HEALTHY PEOPLE 2020 NATIONAL SNAPSHOTS

A User's Guide

  1. National snapshots provide a visual display of progress for selected objectives in each Healthy People 2020 Topic Area, whenever data are available.

  2. The snapshot heading describes the snapshot theme, the population to which the snapshot applies (when needed for clarification), and the data year(s). The snapshot heading is not meant to capture the full scientific scope of the objective(s) that is (are) displayed. The user can find complete technical information about the objective(s) in the Data Details.

  3. The snapshot visual display is generally one of three types: a line graph, a bar chart, or a map. 

  4. The snapshot notes and footnotes indicate any technical information about the data that the user needs to correctly interpret the visual display, together with any key data limitations (when applicable). Although the snapshots are intended to be standalone, the user should consult the objective(s) Data Details for the full range of methodology issues that may impact interpretation.

  5. The snapshot source(s) indicate the data source(s) used to create the visual display.

  6. Age-adjusted data are adjusted using the year 2000 standard population.

  7. Education and income are the primary measures of socioeconomic status in Healthy People 2020. Unless otherwise noted, income is defined as a family’s income before taxes; thus, the terms “income” and “family income” are used interchangeably in the snapshots.

  8. To facilitate comparisons among groups and over time, while adjusting for family size and for inflation, Healthy People 2020 categorizes family income using the Poverty Threshold (PT), sometimes also referred to as the Federal Poverty Level (FPL), developed by the Census Bureau. Unless otherwise overridden by considerations specific to the data system, the five categories of family income primarily used are: 

    1. Below the PT (i.e., less than 100% of the PT) 
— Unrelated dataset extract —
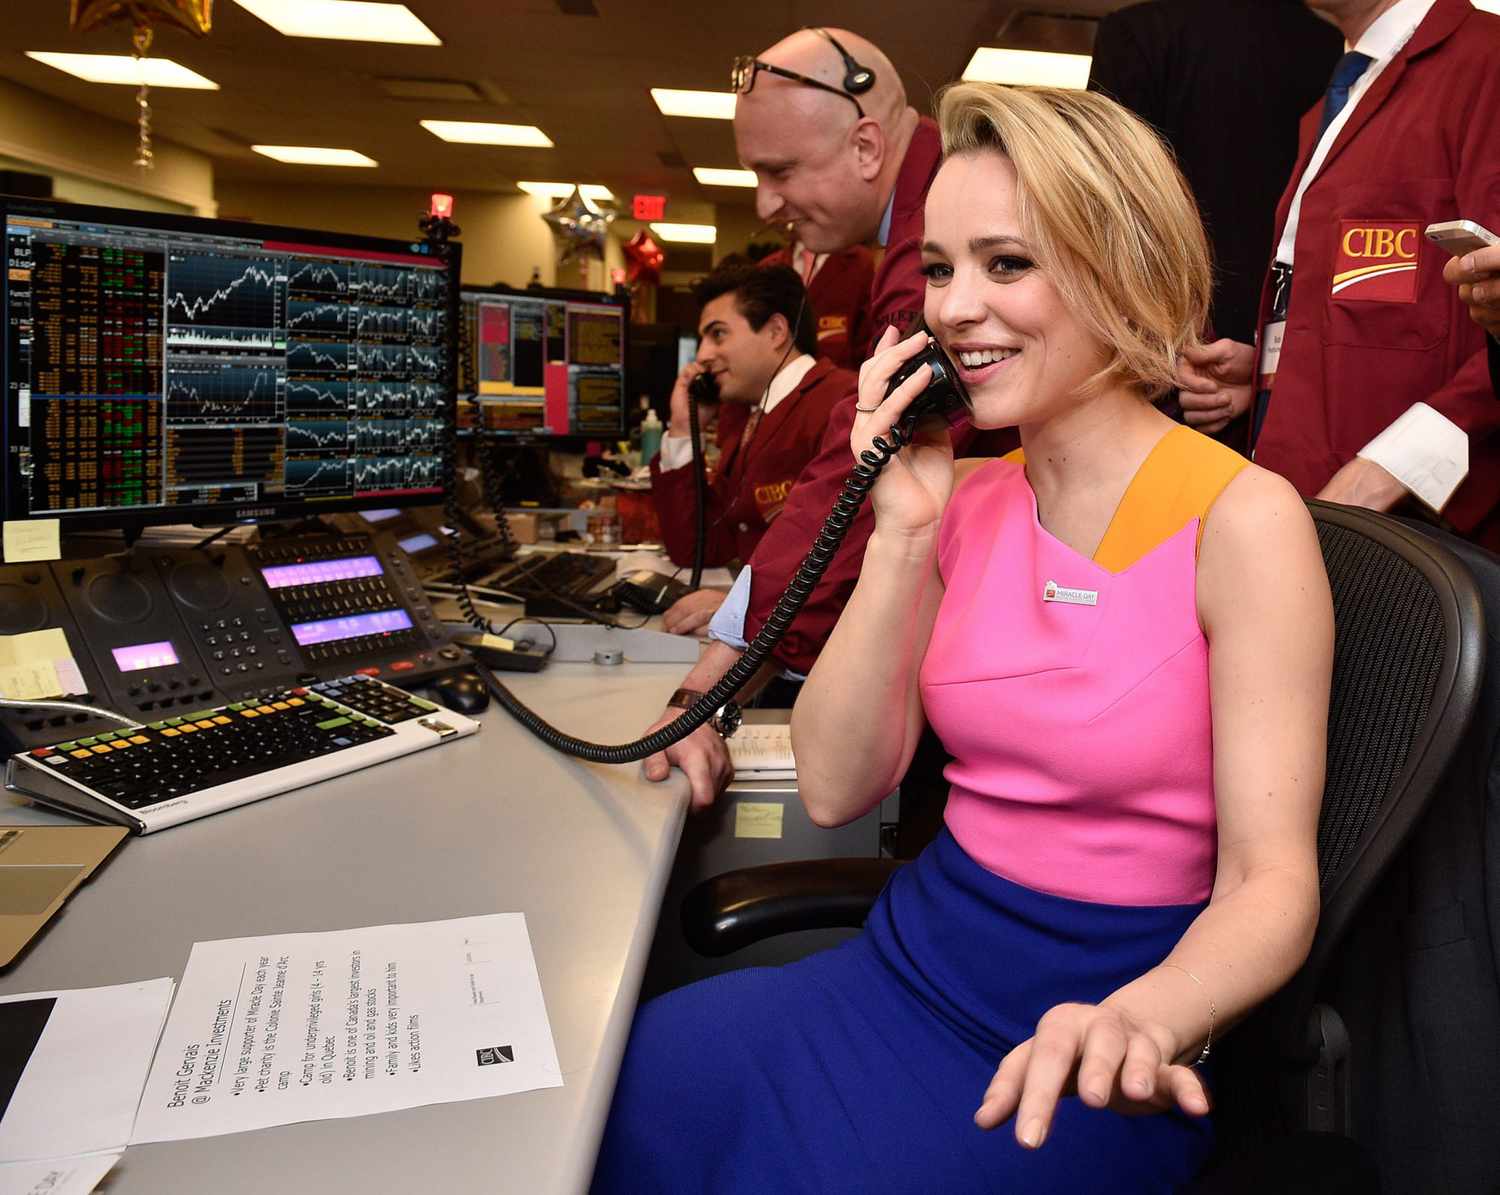 Celebrities Lend A Hand To Raise Millions For Kids In Need on The 31st Anniversary of CIBC Miracle Day

    2. At 100%–199% of the PT 

    3. At 200%–399% of the PT 

    4. At 400%–599% of the PT 

    5. At or above 600% of the PT.

  9. A snapshot narrative paragraph highlights some key features of the visual display. The narrative text is not meant to provide an exhaustive analysis of the data displayed. For a more in-depth analysis, the user should refer to the applicable data table(s) and objective(s) Data Details.

  10. The user should keep in mind the following: 

    1. When two rates or proportions are highlighted for comparison (and measures of variability are available), the user may interpret the highlighted difference to be statistically significant at the 0.05 level, unless otherwise stated.

    2. Only selected differences are highlighted in the narrative text. Differences visible in the visual data display but not highlighted in the text still may well be statistically significant.